WHAT THIS TASK INVOLVES: Reproduce, without alteration, every line of the data; exclude the images.

DATA:
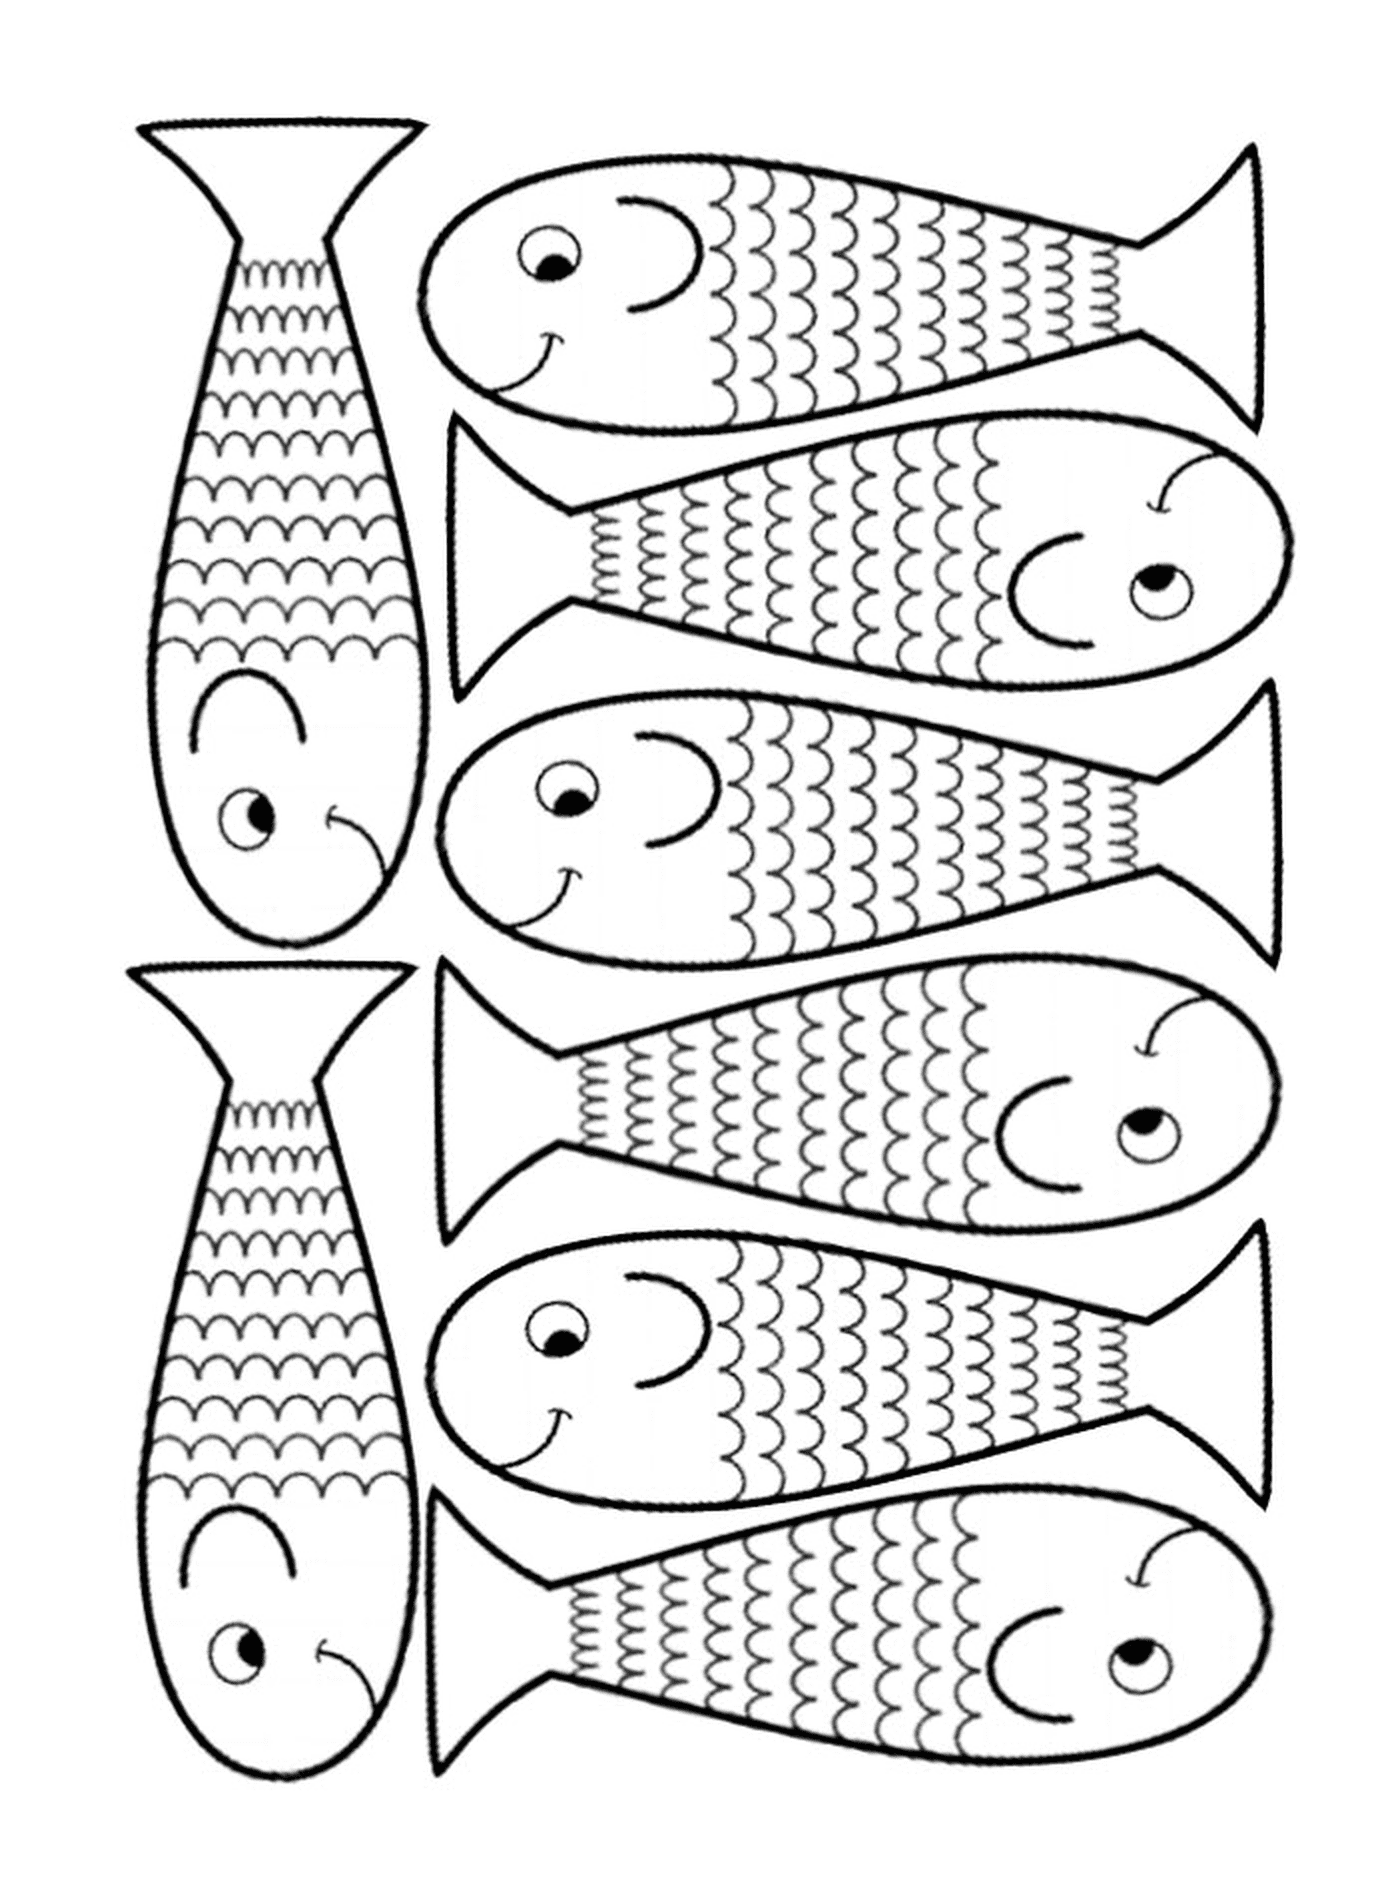   Possibilité de dessiner plusieurs poissons 
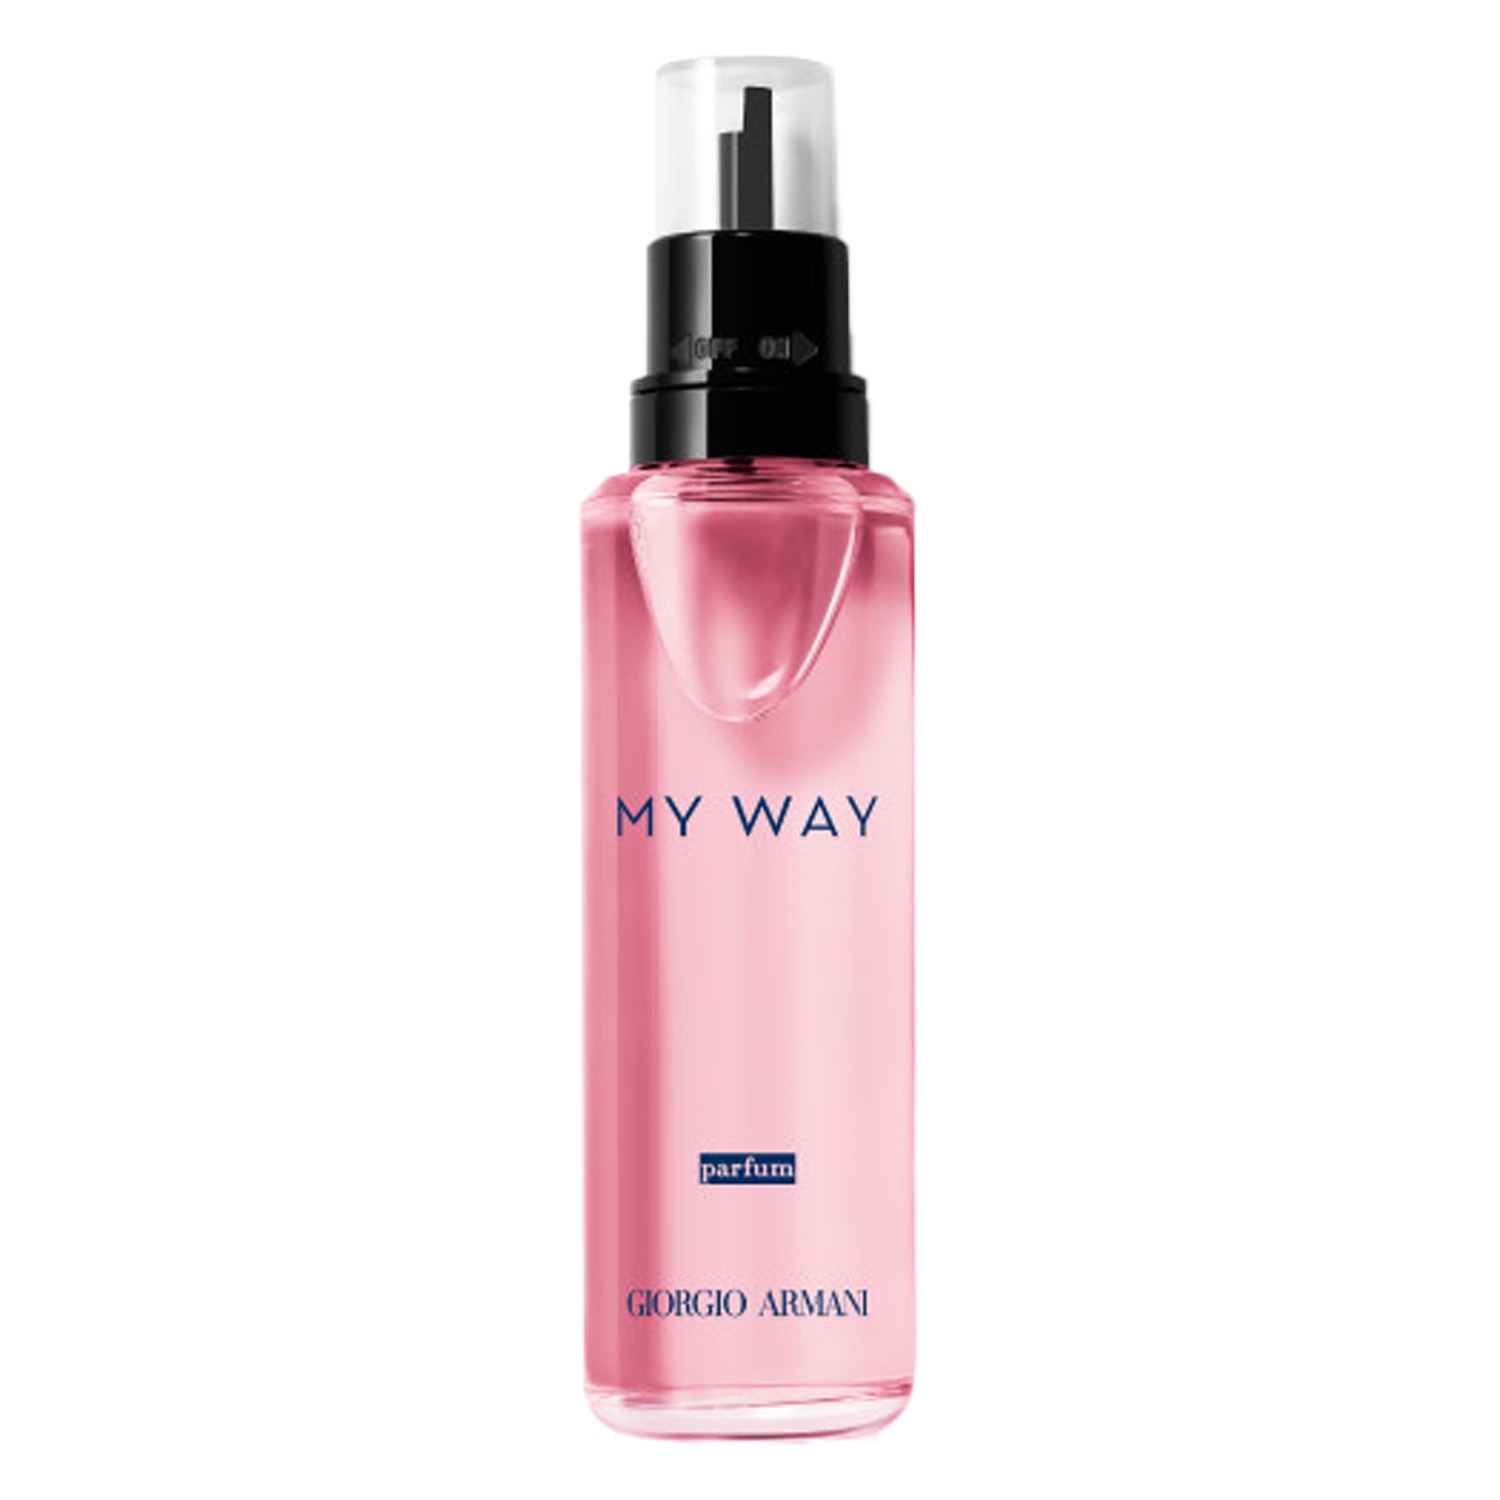 Produktbild von MY WAY - Parfum Refill
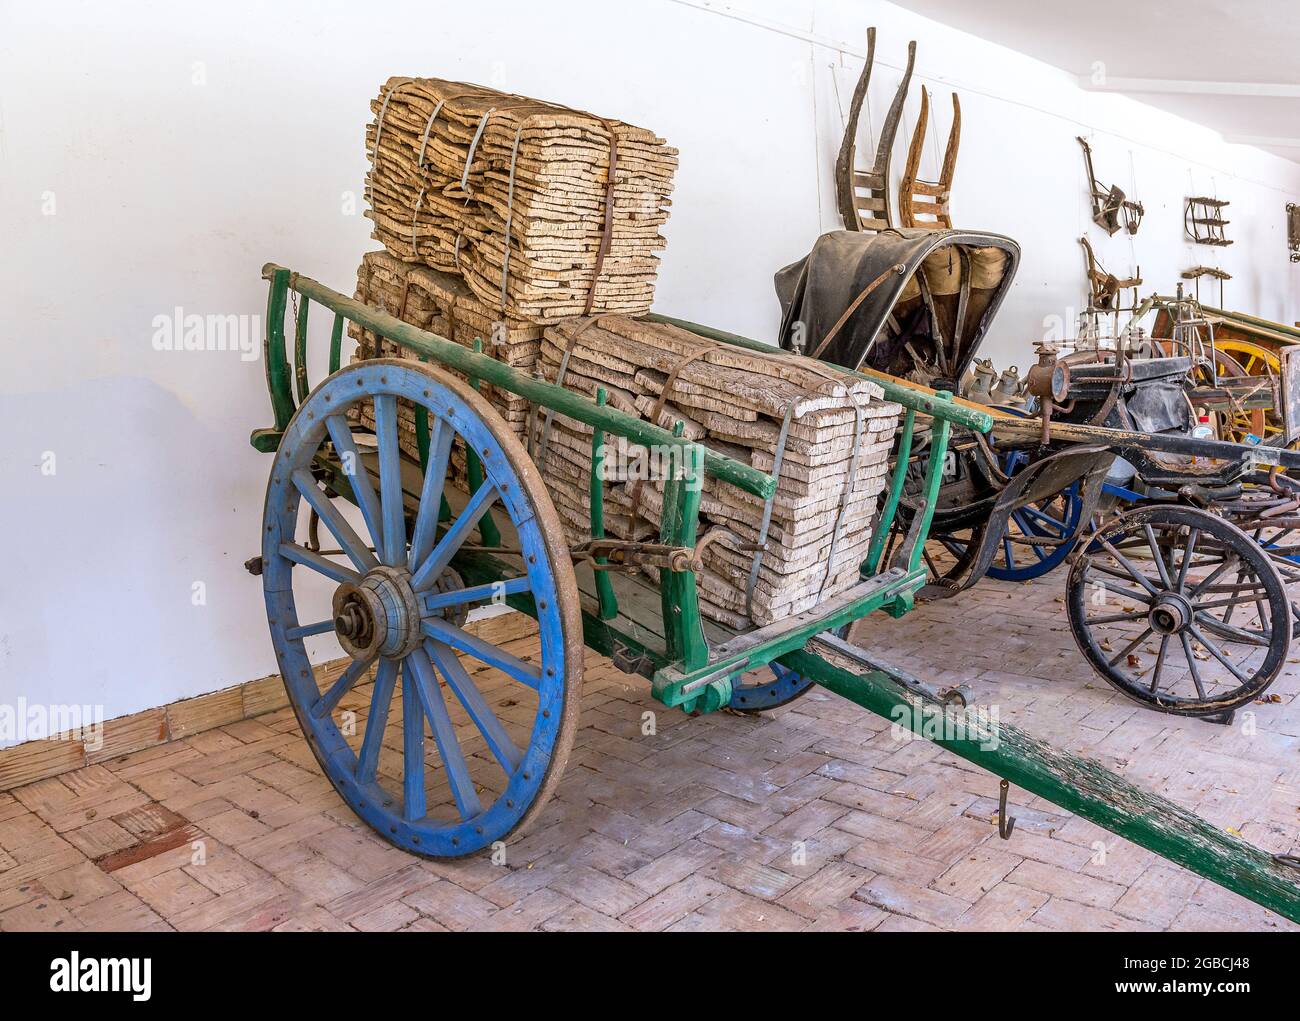 Expositions de charrettes artisanales dessinées par des chevaux au musée Sao bras de Alportel algarve portugal Banque D'Images
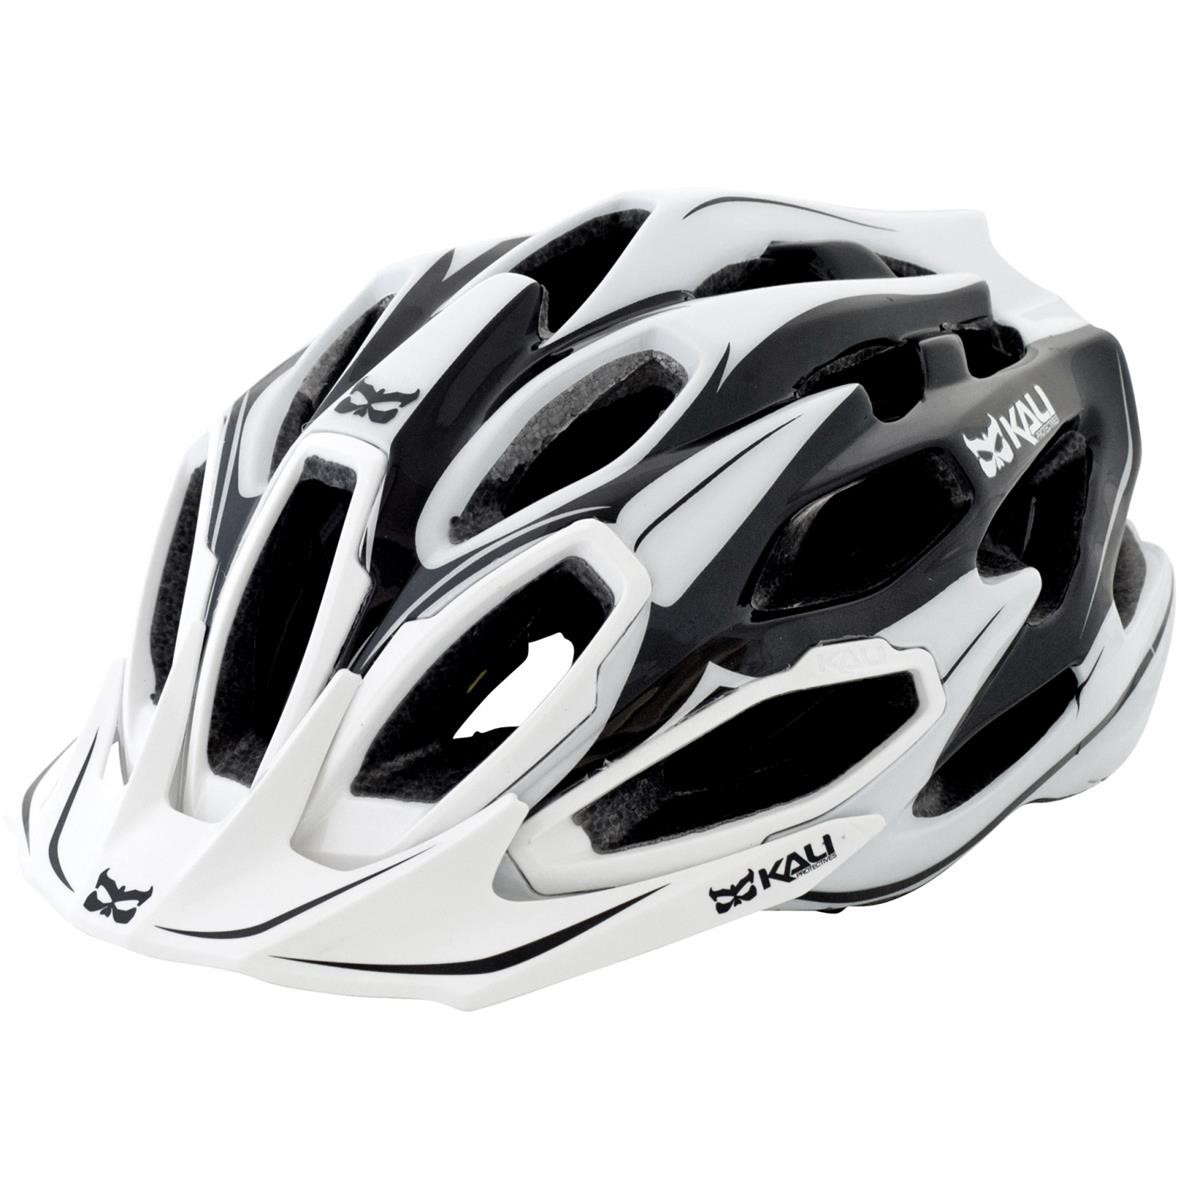 Kali Protectives Trail-MTB Helmet Maraka Zone - White

COMPLETED TASK:
   Possibilité de dessiner plusieurs poissons 
 Produktbild von MY WAY - Parfum Refill
 Expositions de charrettes artisanales dessinées par des chevaux au musée Sao bras de Alportel algarve portugal Banque D'Images
 Kali Protectives Trail-MTB Helmet Maraka Zone - White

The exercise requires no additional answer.